Traditionally, a candidate who waited too long to hire a campaign staff risked losing all the best talent to rival candidates. Hire too early, and the campaign’s payroll costs quickly balloon, burning through contributions that are capped at $2,700 per donor.

Now candidates set up super PACs and other vehicles before entering the race and fill their bank accounts with six- and seven-figure checks from wealthy supporters. Those groups, in turn, can employ the candidate’s campaign staff-in-waiting.

Mr. Walker’s operation, for example, has hired advisers to handle fund-raising, Christian conservative outreach, polling and more. These advisers are not working for his campaign, which does not yet exist. Instead, all are on the payroll of a tax exempt organization, Our American Revival, for which Mr. Walker has already raised more than $5 million.

“Governor Walker does not sit on O.A.R.’s board or otherwise control it,” said AshLee Strong, a spokeswoman for the group. “He is simply working with us to advance a big, bold conservative reform agenda across the country.”

The outsourcing even extends to the daily work of “rapid-response,” or reacting to criticisms in the news media or from other candidates.

When a Washington Post fact-checker sought clarification from the Republican campaign of Carly Fiorina about claims she had made about her business career, he was directed to an independent super PAC for some of the answers. The name of the super PAC: Carly for America.

“The super PAC has just been very vocal in defending her, so I thought that they’d be good to talk to,” explained Ms. Fiorina’s spokeswoman, Sarah Isgur Flores. Ms.
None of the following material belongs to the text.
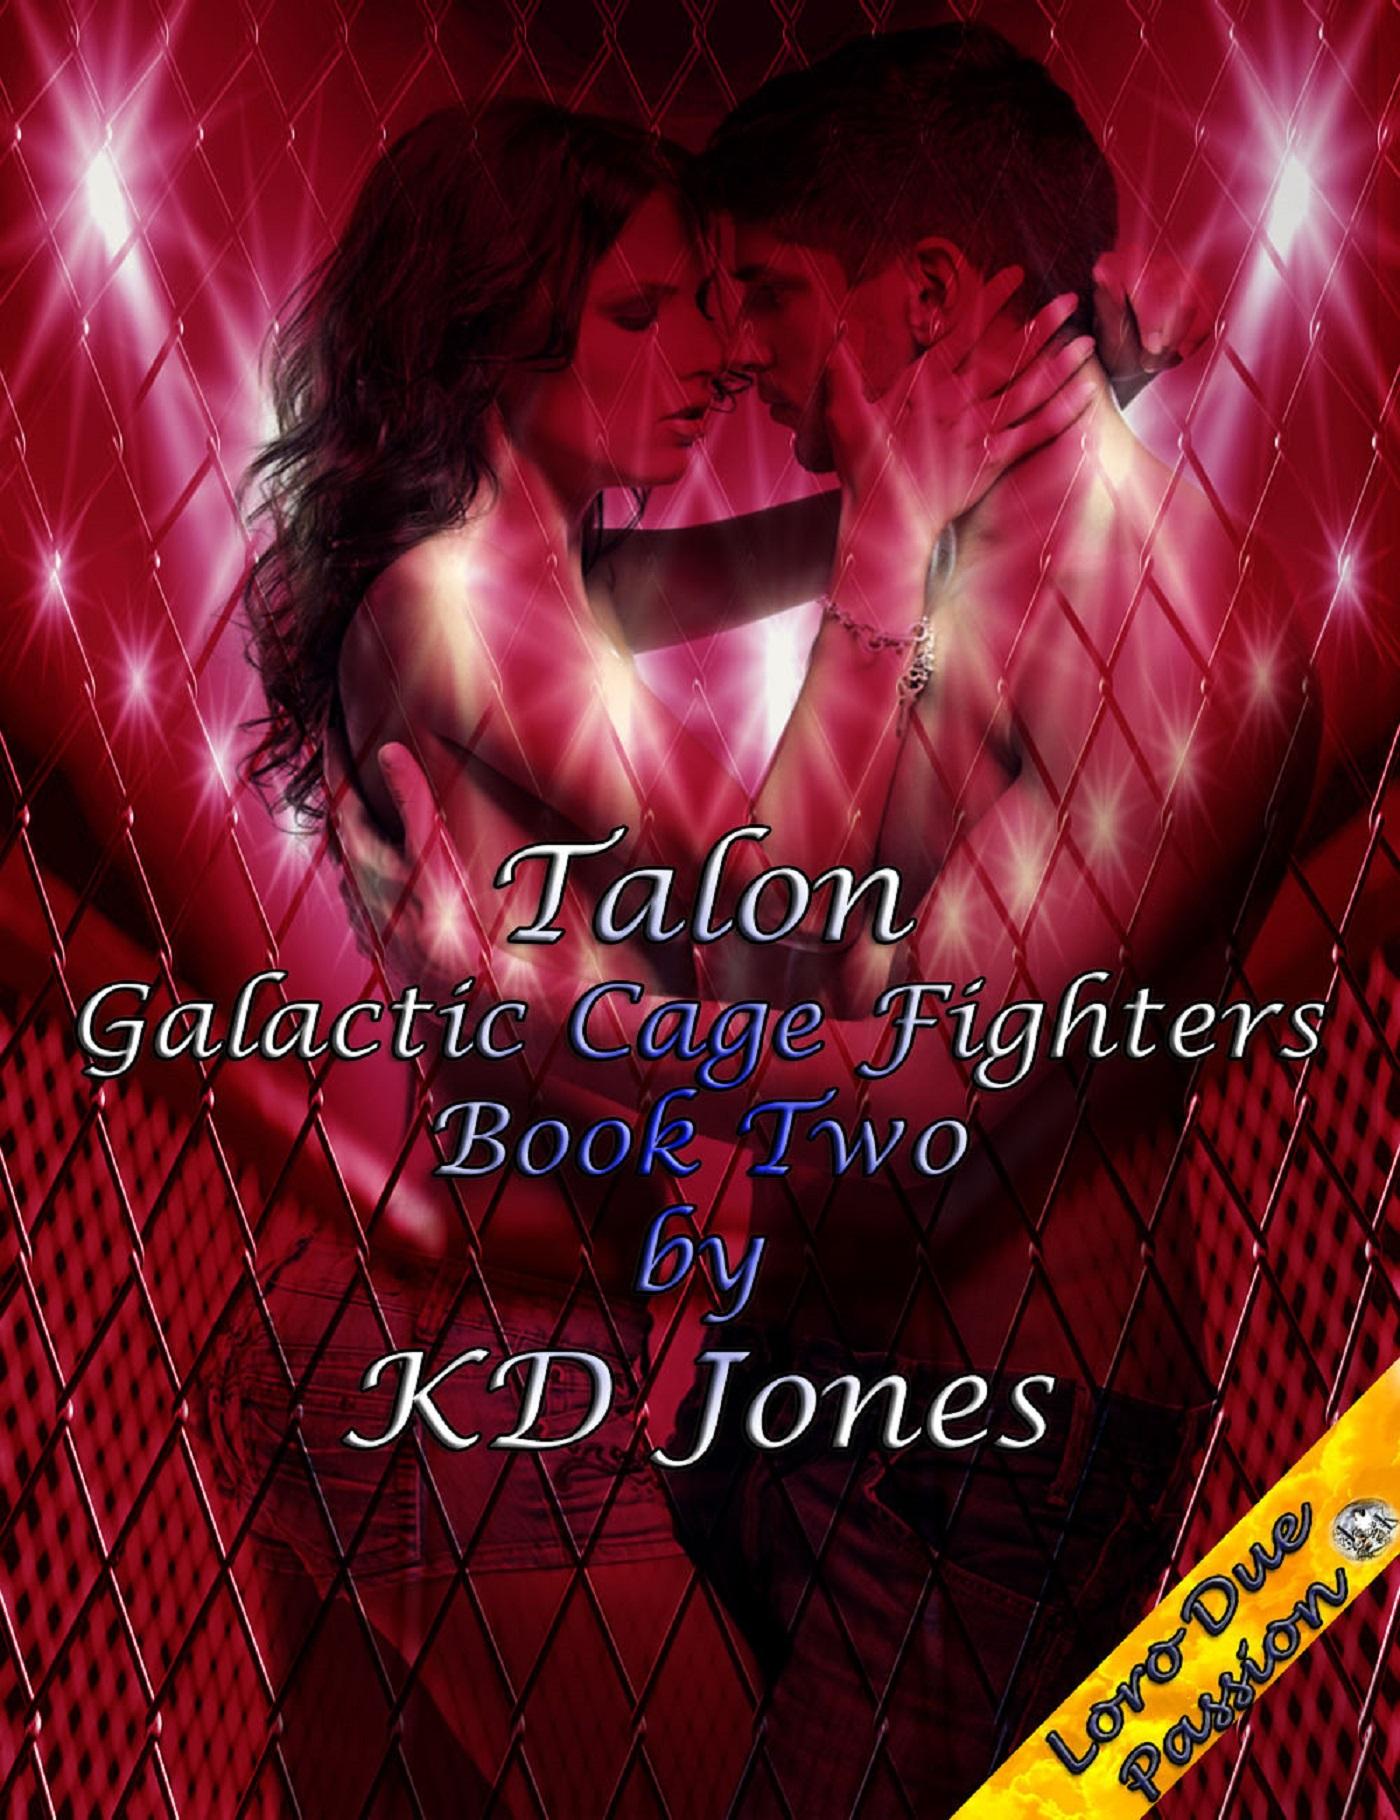 K.D. Jones - Talon

Flores works for the campaign, which is registered as Carly for President.

Campaign lawyers in both parties say their efforts to circumvent the candidate contribution limits, however suspect they may appear, are fully consistent with existing laws and regulations. And to some extent, the model being pioneered in 2016 is merely a culmination of piecemeal efforts undertaken in past campaigns

Richard L. Hasen, a professor and campaign finance expert at the University of California, Irvine, School of Law, said it had become hard even for him to know what is legal anymore.

“You see some of these things and you have to do a double take; things we thought were established as red lines are no longer red lines,” Mr. Hasen said in an interview. “It’s all a mess.”

That extends to the rules that govern what candidates can do after they formally enter the race. Each cycle brings new tactics for candidates to collaborate with independent groups while trying to steer clear of illegal “coordination.”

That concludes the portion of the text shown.